Women’s heightened need for SGBV protection during displacement, with Iraq’s wavering legal bulwark for its response, runs the risk of putting entire communities at risk. In fact, the 1325 Committee Cross-Sector Task-Force founder and coordinator, Suzan Aref, argues for the need to combat extremism through women capacity building, leadership, and economic empowerment. In this way, “she can act as an alarm” on extremist behaviour in her community, whereas from women’s marginalised role in conservative societies they are likely to join groups where their voices are heard and recognised – including that of extremists. Indeed, the centrality and honour of women could be ‘flipped’ to engender their agency and achievement. CGI had an opportunity to champion this cause, when Nadia Murad received the Nobel Peace Prize for shaming perpetrators and honouring survivors of SGBV.

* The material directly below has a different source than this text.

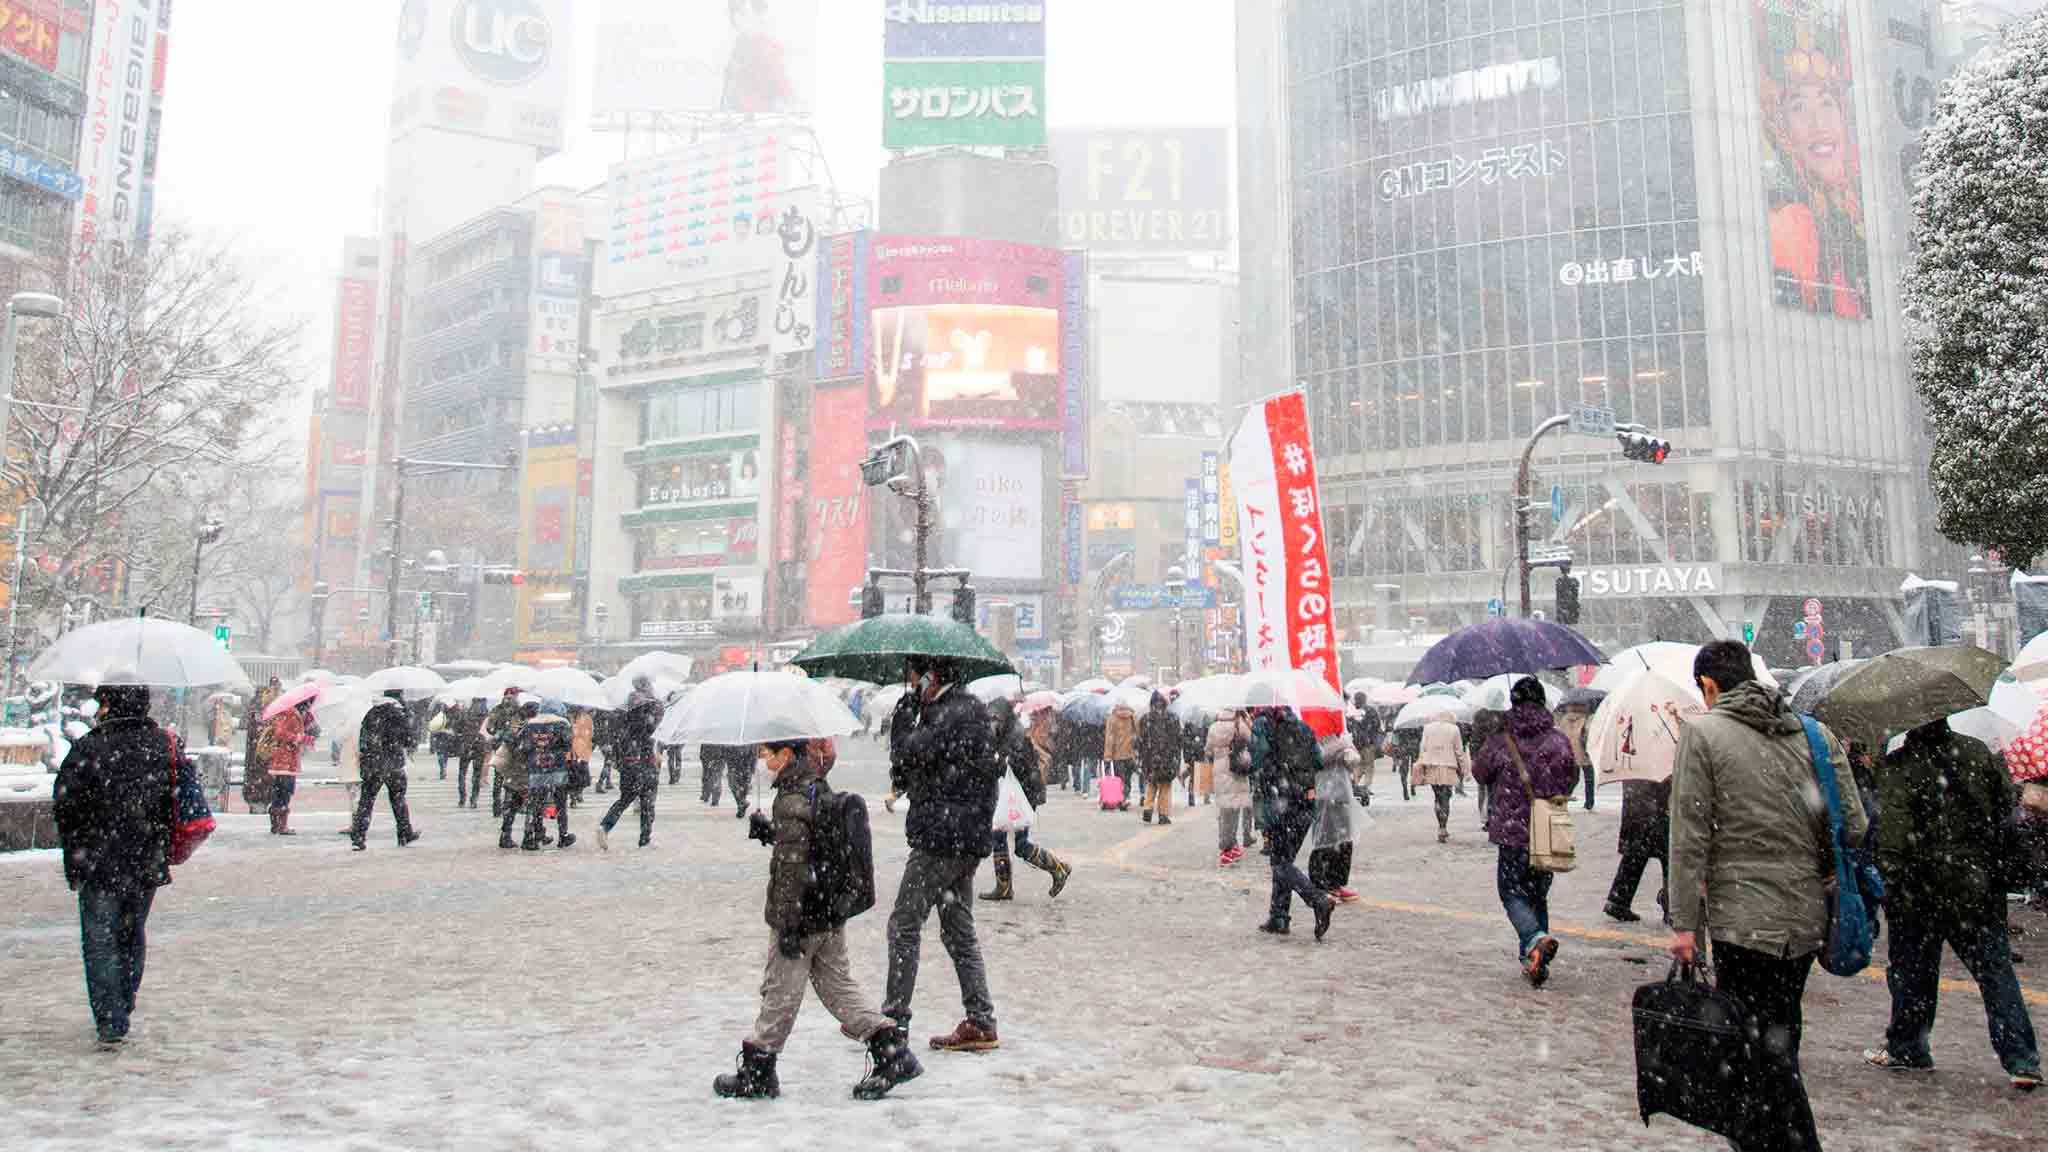 Japón se ve afectado desde el lunes por el peor temporal de nieve que ha azotado el centro del país en los últimos cuatro años

Women can perform and embody honour through their actions. Under no circumstances will the immense pressure on women sexuality, i.e. carryng the oath of family honour، yield progress for gender equality. Serious cross-sector capacity building efforts must be embarked upon to ensure local authorities are equipped to carry on anti-SGBV services following the international non-governmental organisations (INGO) exit, to transition Iraq firmly into the stabilisation period.

During ISIS invasion and into the liberation of Iraq, funding from women’s organisations were reprioritised to humanitarian response, which challenged the sustainability of structural reform for equality.

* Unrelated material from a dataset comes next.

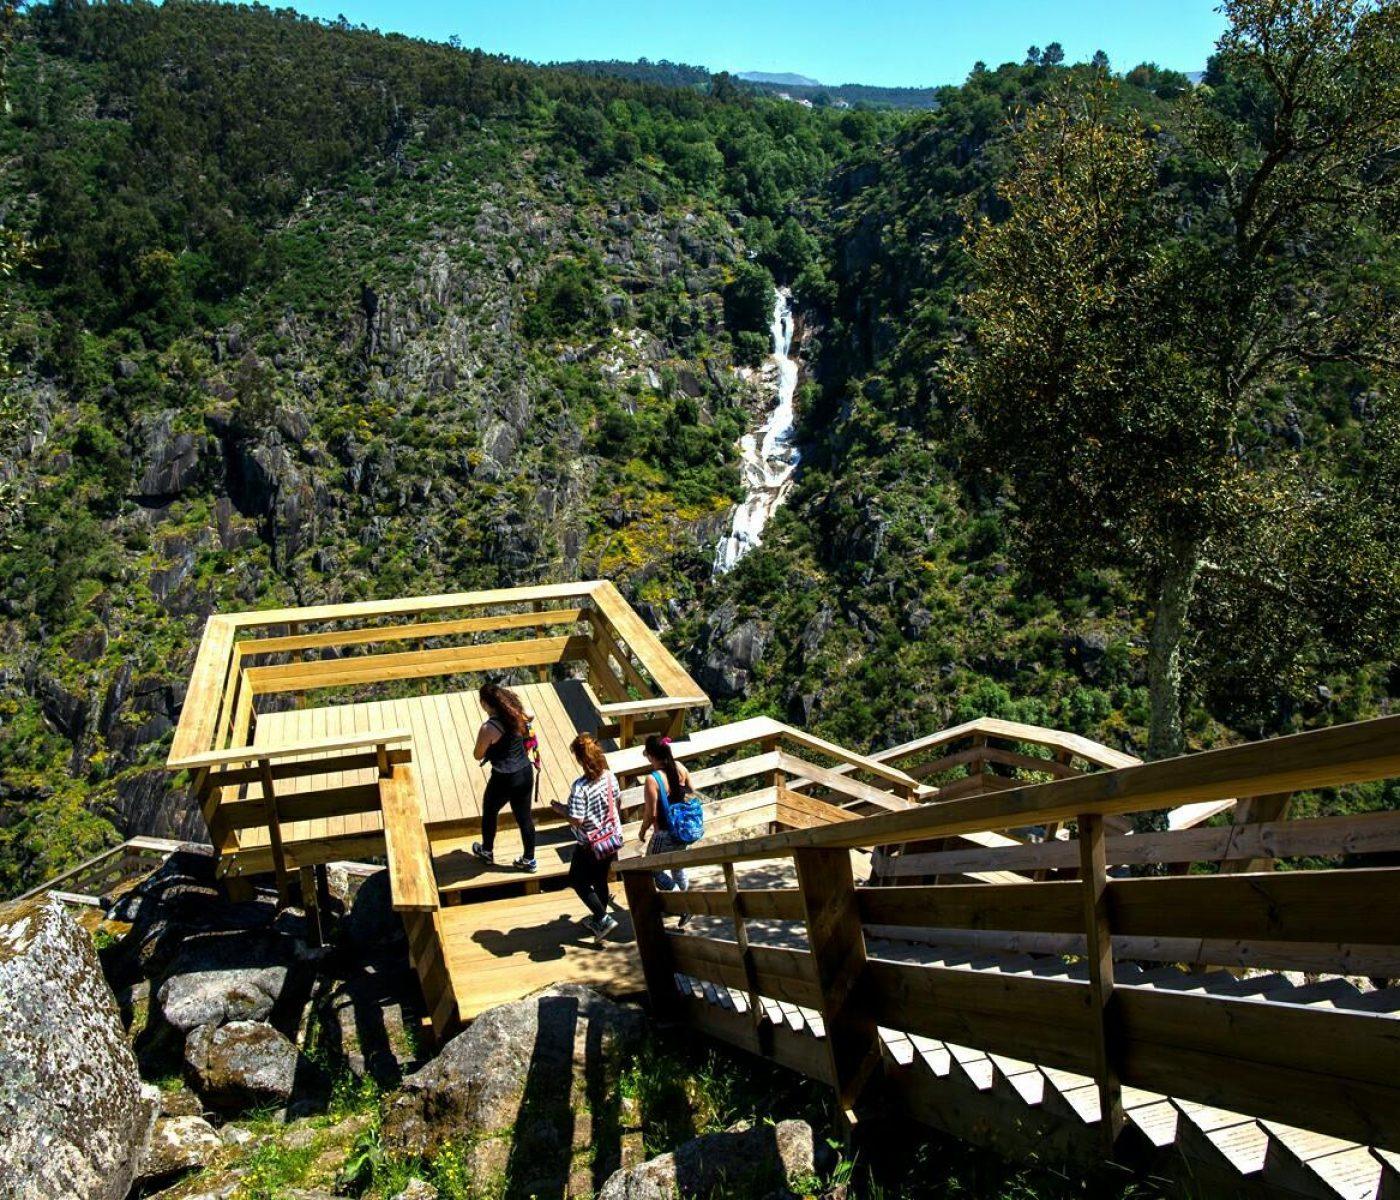 Quinta de Águia - Alojamento Local - Guest House - Atividades - EnjoyDouro

In Iraq and Iraqi Kurdistan’s transition from social disorder to order, CGI and KRG must be engaged and utilise this momentum in the following ways:

  • Ensure budgetary requirements are agreed upon and met for a new NAP period.
  • Engage tribal and religious authorities in educational activities that redirect shame from survivor to perpetrator of SGBV, publicly shame honour-based crimes, and publicise its widely acknowledged expense on society (both women, children, economic, and political).
  • Harmonise the Personal Status Codes with article 41 of the new Iraqi constitution and NAP agenda.
  • Publicly acknowledge women’s experiences during war and displacement via the promotion of storytelling and gender education initiatives and through media and social media campaigns.
  • Open more shelters with protection, legal, and integrated livelihood service provision. These need to follow gender streamlined processes with qualified staff that can ensure its alignment with the government endorsed SOP for GBV, following the INGO exit. The shelters should be well equipped with the capacity to bring SGBV and honour-based violence to justice through victim-centred legal aid as well as transitional justice initiatives.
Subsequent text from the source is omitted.